TASK TO COMPLETE: Retype the lines below exactly, but only those from the line that has "Abstract tech or" through the line that has "Cartoon Of Two". Omit every picture.

DATA TO PROCESS:
*****
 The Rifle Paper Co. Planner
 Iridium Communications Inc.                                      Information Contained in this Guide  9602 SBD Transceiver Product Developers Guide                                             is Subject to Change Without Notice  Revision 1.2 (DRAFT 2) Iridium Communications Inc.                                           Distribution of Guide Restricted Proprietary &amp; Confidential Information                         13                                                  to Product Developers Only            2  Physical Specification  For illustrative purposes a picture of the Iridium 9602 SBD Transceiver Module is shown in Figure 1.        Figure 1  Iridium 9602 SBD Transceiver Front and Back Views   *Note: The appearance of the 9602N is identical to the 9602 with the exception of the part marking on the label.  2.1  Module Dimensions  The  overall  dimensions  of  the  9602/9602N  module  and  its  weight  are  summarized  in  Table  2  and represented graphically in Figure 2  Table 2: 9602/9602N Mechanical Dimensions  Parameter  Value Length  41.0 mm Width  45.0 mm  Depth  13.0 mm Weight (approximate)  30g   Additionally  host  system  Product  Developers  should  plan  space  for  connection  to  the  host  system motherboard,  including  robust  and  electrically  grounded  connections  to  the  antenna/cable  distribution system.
*****
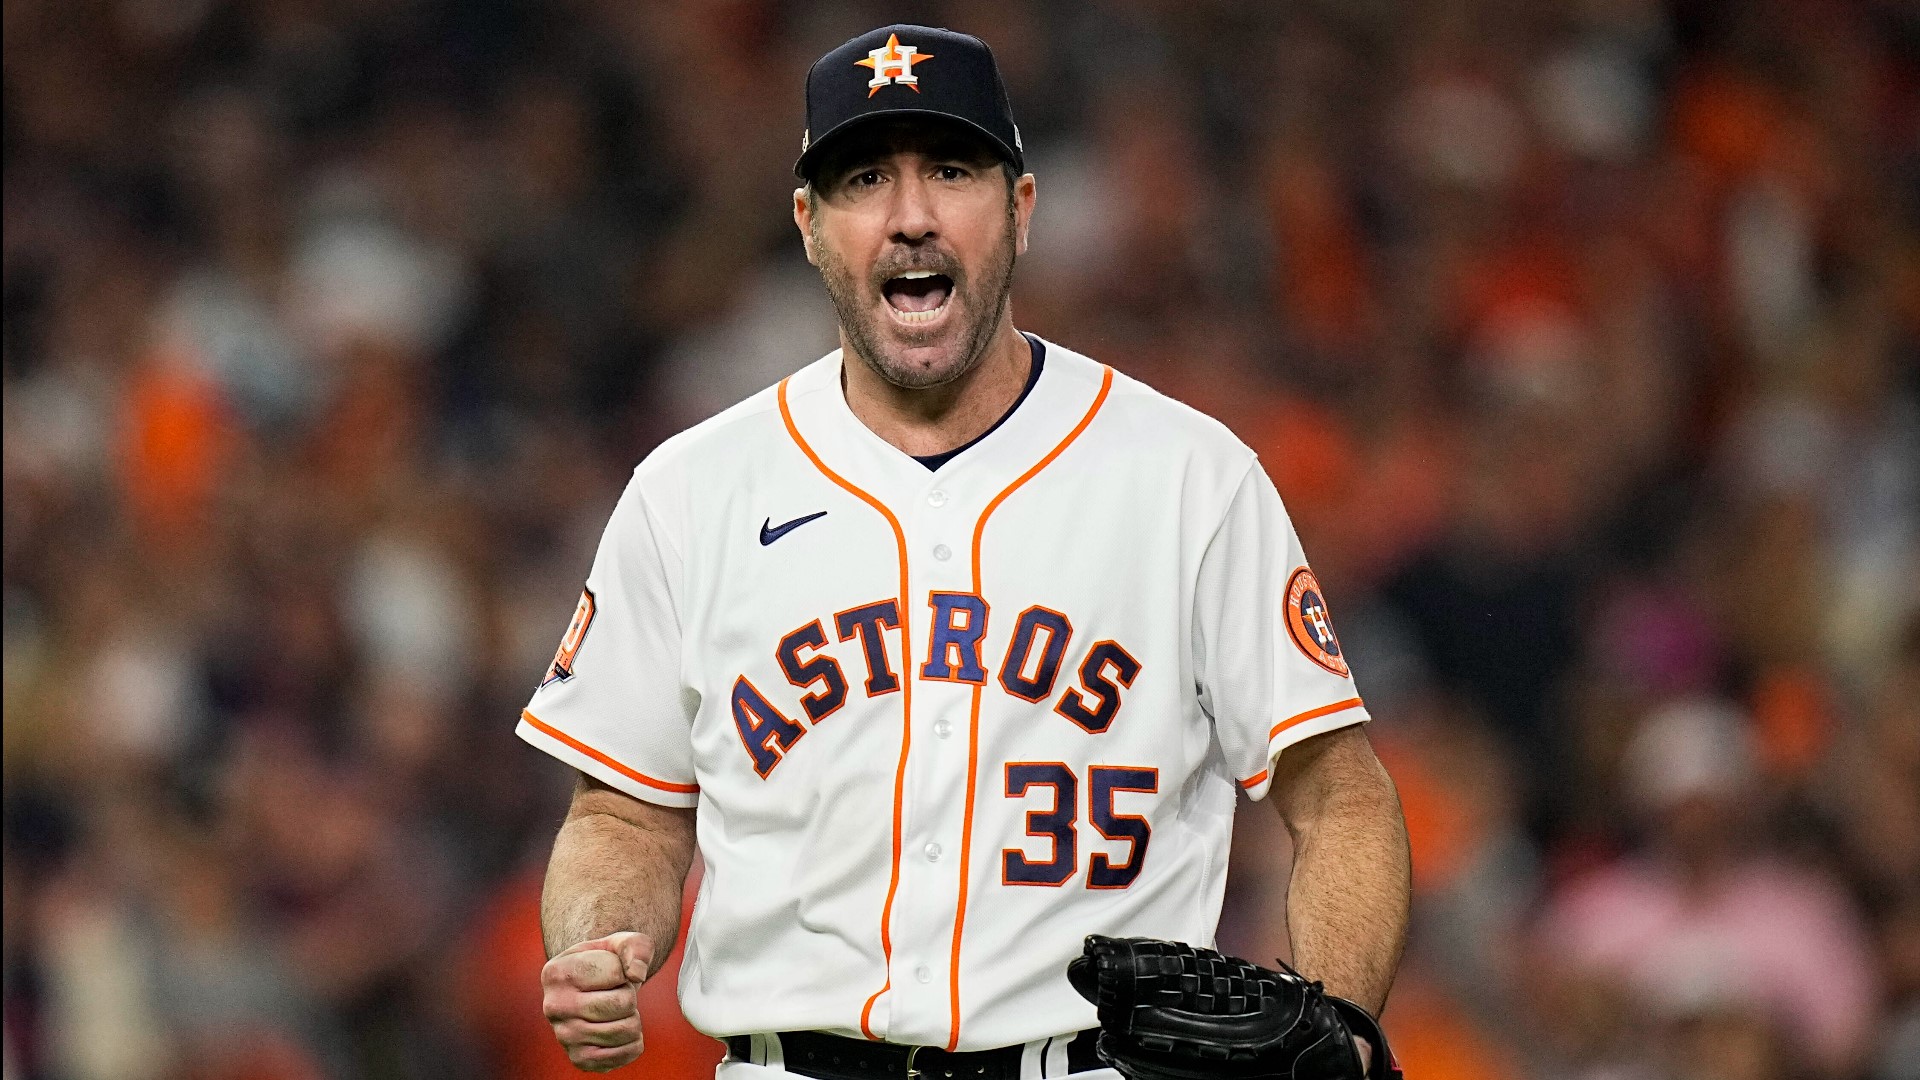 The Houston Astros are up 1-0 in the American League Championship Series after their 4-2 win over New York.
*****
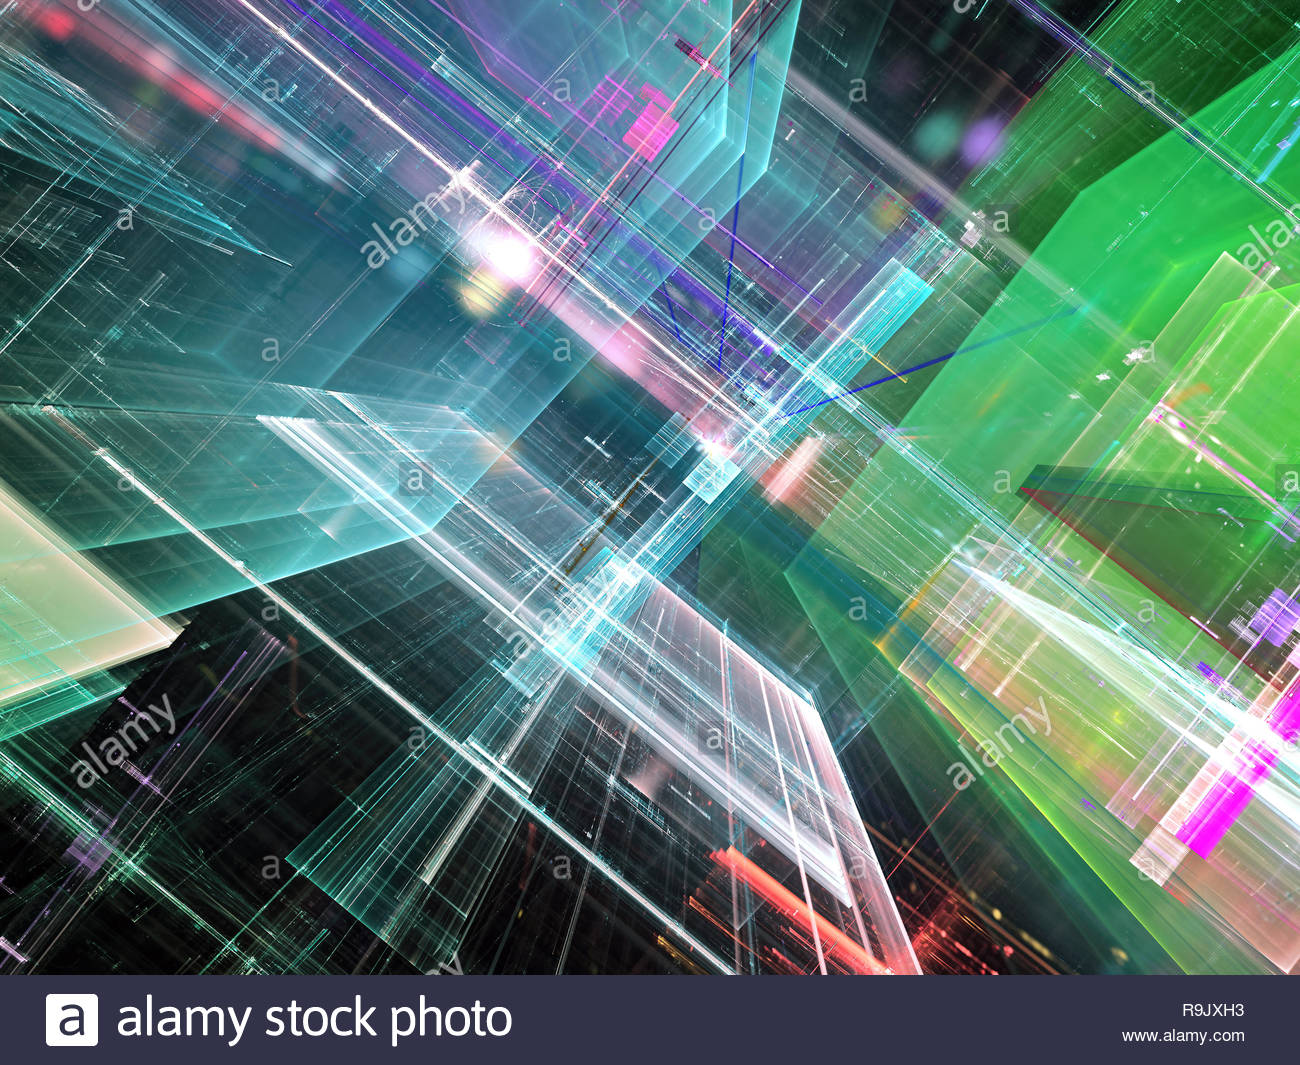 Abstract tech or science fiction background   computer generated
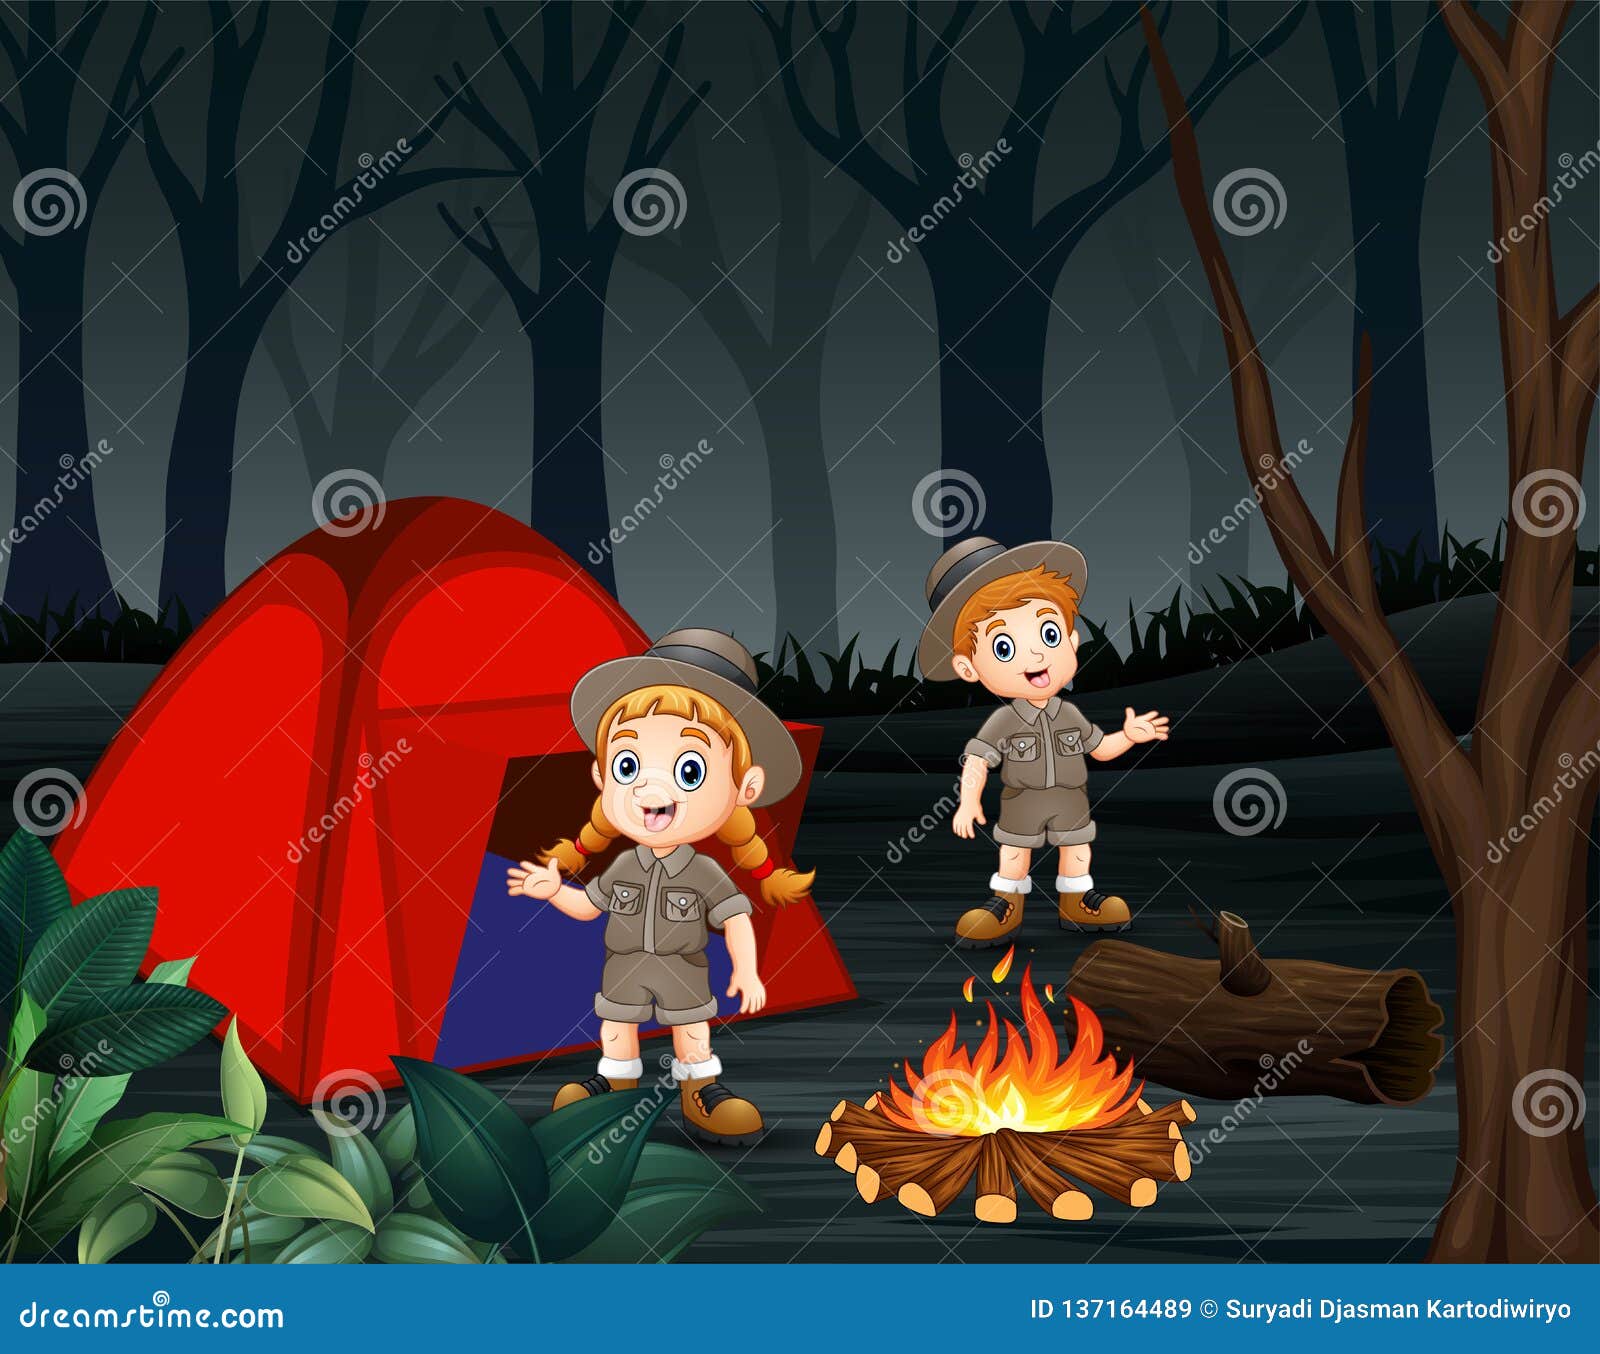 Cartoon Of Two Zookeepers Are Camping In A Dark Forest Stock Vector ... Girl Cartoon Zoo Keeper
*****
TASK RESULT:
 Abstract tech or science fiction background   computer generated
 Cartoon Of Two Zookeepers Are Camping In A Dark Forest Stock Vector ... Girl Cartoon Zoo Keeper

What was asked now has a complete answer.